See the 4 / symbols? Although the HTML standard requires it, there is no need for the tag name to appear after the closing symbol. So this <////> tag closes 4 tags. It doesn’t have all of the benefits that the previous idea does, but it is still lightweight. And a small extension to this idea is to have an integer count:

<html>
    <body>
        <div class="article">
            <section class="introduction">
            <h1>Introduction</h1>
            <p>This article demonstrates the use of placeholder text. It
            contains pseudo-latin text which starts with the wording
                <span lang="latin"> Lorem ipsum dolor sit amet</span>
            and
</4/>

Note that the number refers to the number of closing tags, not the number of omitted / symbols. So </4/> means close 4 tags. Labouring the point, perhaps, but it’s easy to miscount (or mistype) the the number of closings to be performed by the tag </////////////>? It’s much kinder on the eyes/fingers/brain to see </13/>.

With the use of minimisers (such as might be performed by CDNs and other layer 7 technologies), the emphasis presented by use of indentation would be lost, and so use of the <////> and </4/> forms harder to debug than named closing tags.

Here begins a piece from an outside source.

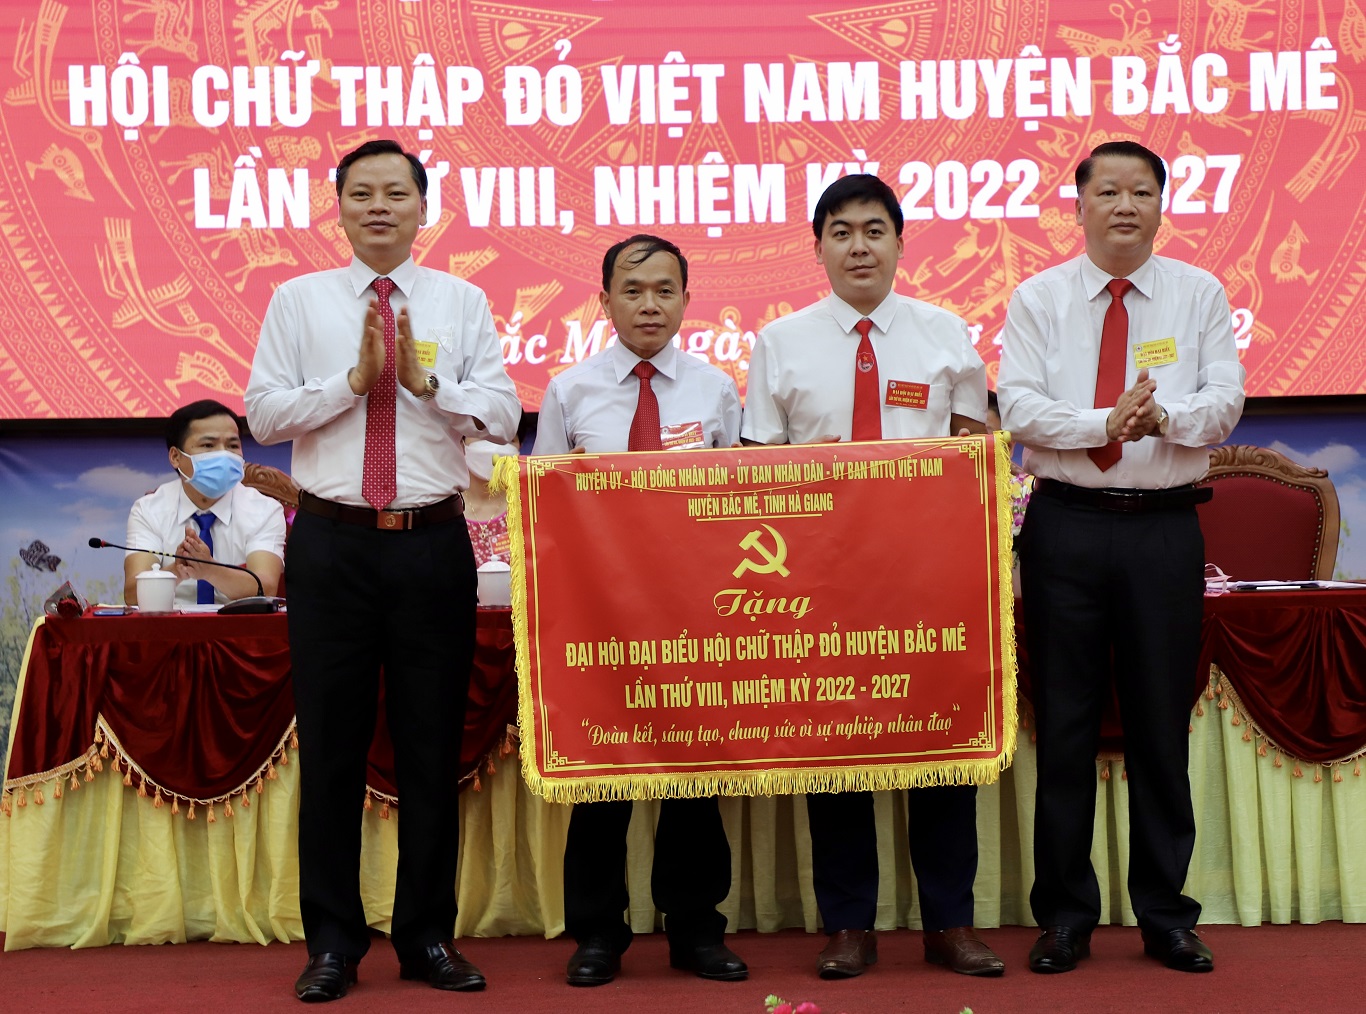 Đại hội đại biểu Hội Chữ thập đỏ huyện Bắc Mê lần thứ VIII nhiệm kỳ 2022 - 2027

Neither me-Matt nor other-Matt are members of the W3C. I’m also not anywhere near claiming that any of these proposals are ready for submission or adoption by the W3C, but it’s interesting to muse on what might be appropriate.

Perhaps a lighter-weight version of this would be to use a filter or wrapper language (such as jinja2, SASS, LESS, or Cheetah) and have the processing be done on the remote end. This also improves adoption because only servers need updating, rather than the plethora of browsers, screen readers, etc that exist in the wild. I’ve not yet written anything that does this, but I’d be interested to hear your thoughts, and especially if you go so far as to implement a filter.